At the exhibition, the official Chun-Shan Institute of Science and Technology showed off two UAV concepts that could form the basis of future, Taiwanese-built drone warplanes.

One appears to be a clone of the US MQ-9 Reaper, a propeller driven, unmanned attack plane that the US Air Force has used extensively in Iraq and Afghanistan. The exhibition display showed the Taiwanese Reaper clone spotting targets for an F-16.

More radically, another display depicted the Reaper-esque UAV directing a second drone as it fired an air-to-air missile at a Chinese fighter. The missile-firing robot appeared to be modelled on the US Navy’s experimental X-47B, a jet-powered, stealthy robot designed to fly off of carrier decks on ground-attack and reconnaissance missions.

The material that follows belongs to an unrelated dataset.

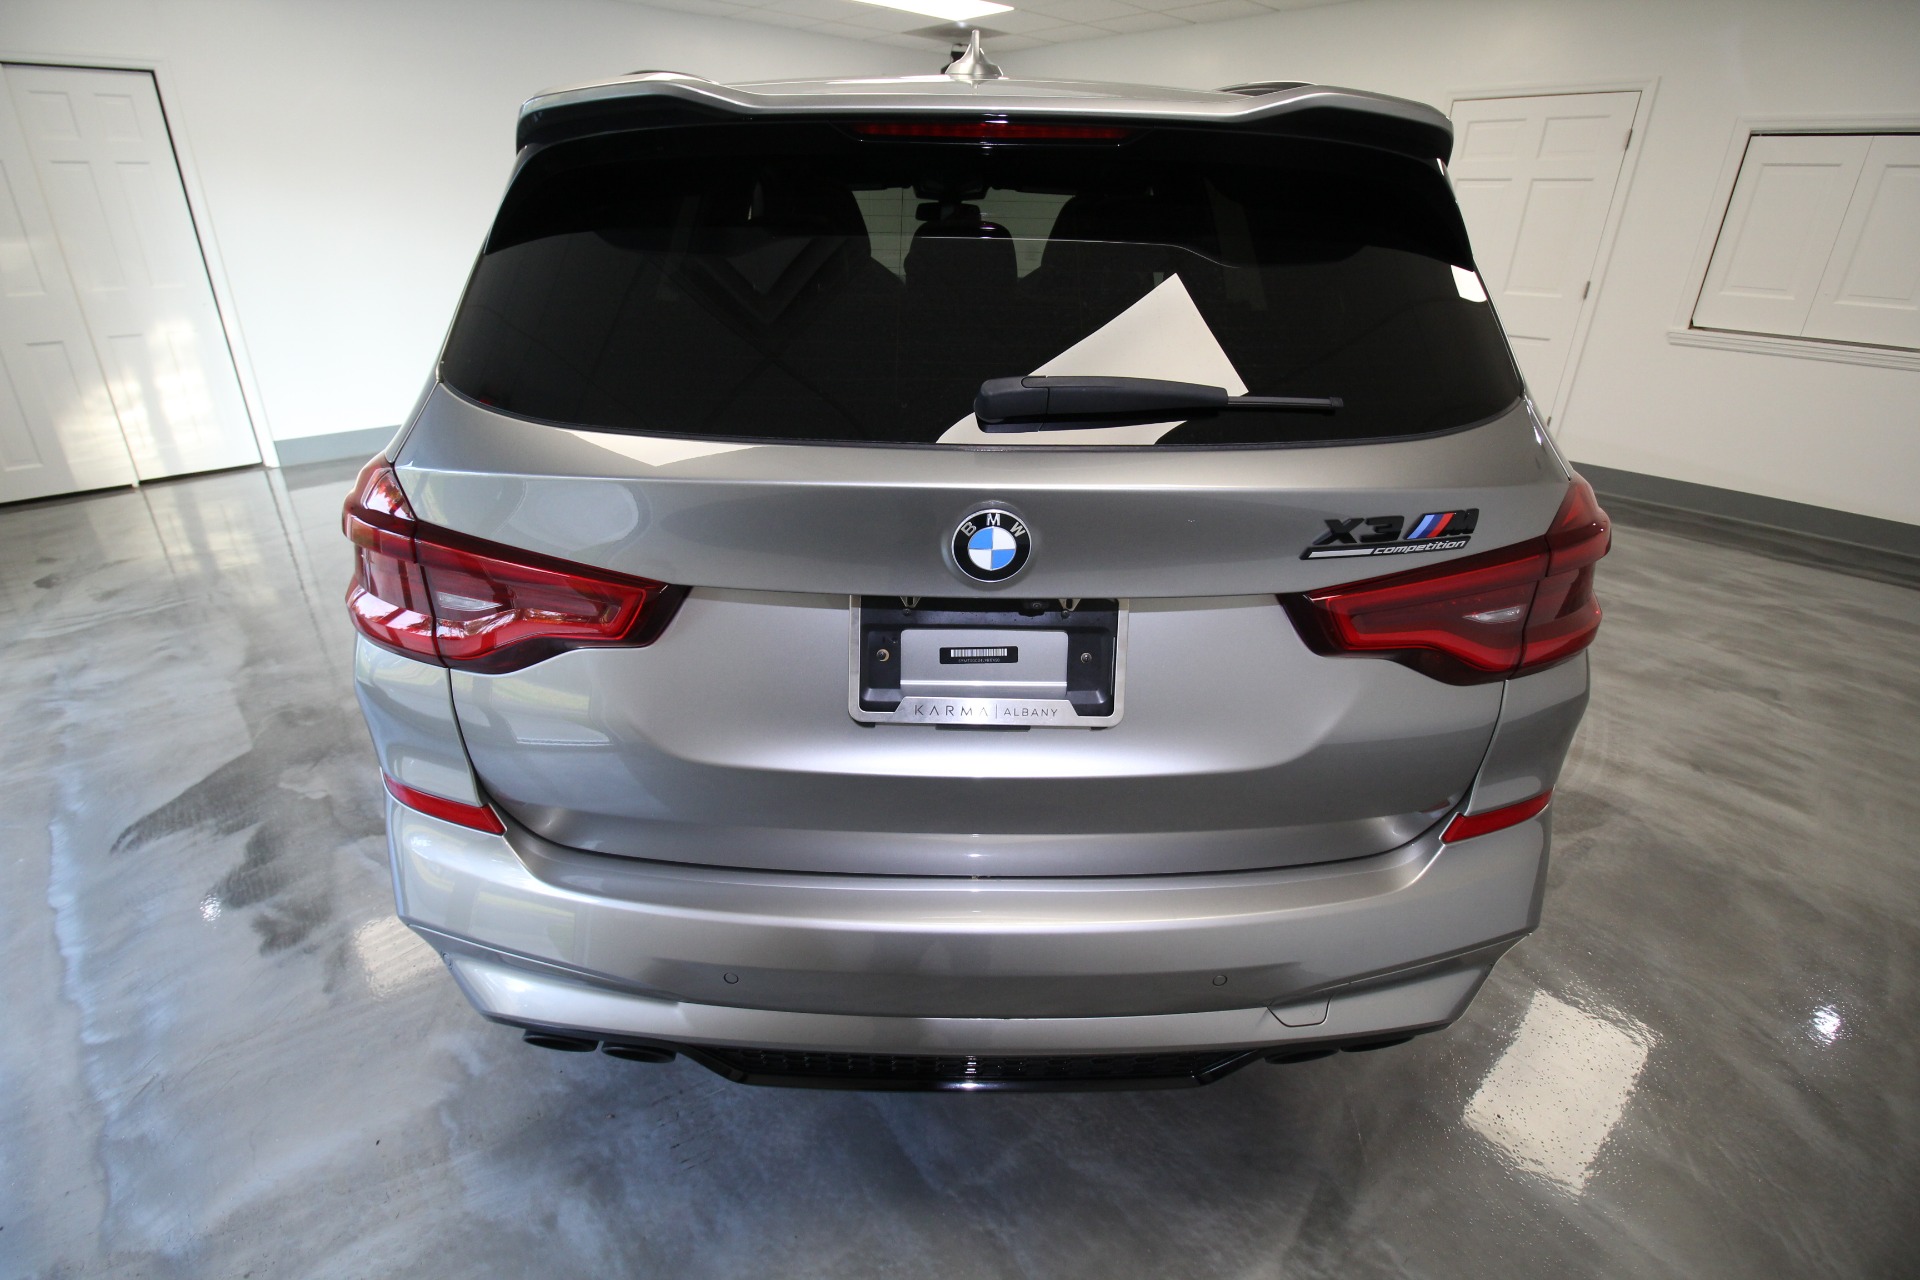 Used 2020 GREY BMW X3 M Competition LIKE NEW RARE COLOR GREY OVER ORANGE LOADED EXEC AND DRIV ASSIS | Albany, NY

While some analysts have proposed an air-to-air mission for the X-47B, the Navy hasn’t signalled any interest in such a capability.

The Reaper represents a fairly basic airframe integrated with sophisticated sensors and a global command-and-control network based on towers and satellites. With its more limited geographic scope, it shouldn’t be difficult for Taiwan to design and build a similar, albeit scaled-down, system.

But no nation – not even the United States – is developing dogfighting UAVs, as air-to-air combat remains one of the most complex air-power functions, still beyond the capacity of existing drones. If Taipei is truly expecting robotic warplanes to replace manned fighters in the air-to-air role in the near future, it will have to quickly become a world leader in military robotics.

In other words, dogfighting drones could represent a false hope for an air force doomed to gradually waste away as its existing fighters age out, and no new ones become available. Some projections see the ROCAF's current 400-strong fighter fleet declining by half by 2025, while China’s own fleet expands.

‘The fighter gap, if not bridged in a timely manner, could permanently solidify the already tilting cross-Strait air-power balance in favour of China,’ the US-Taiwan Business Council warned in a 2010 report. Drones are unlikely to reverse that tilt.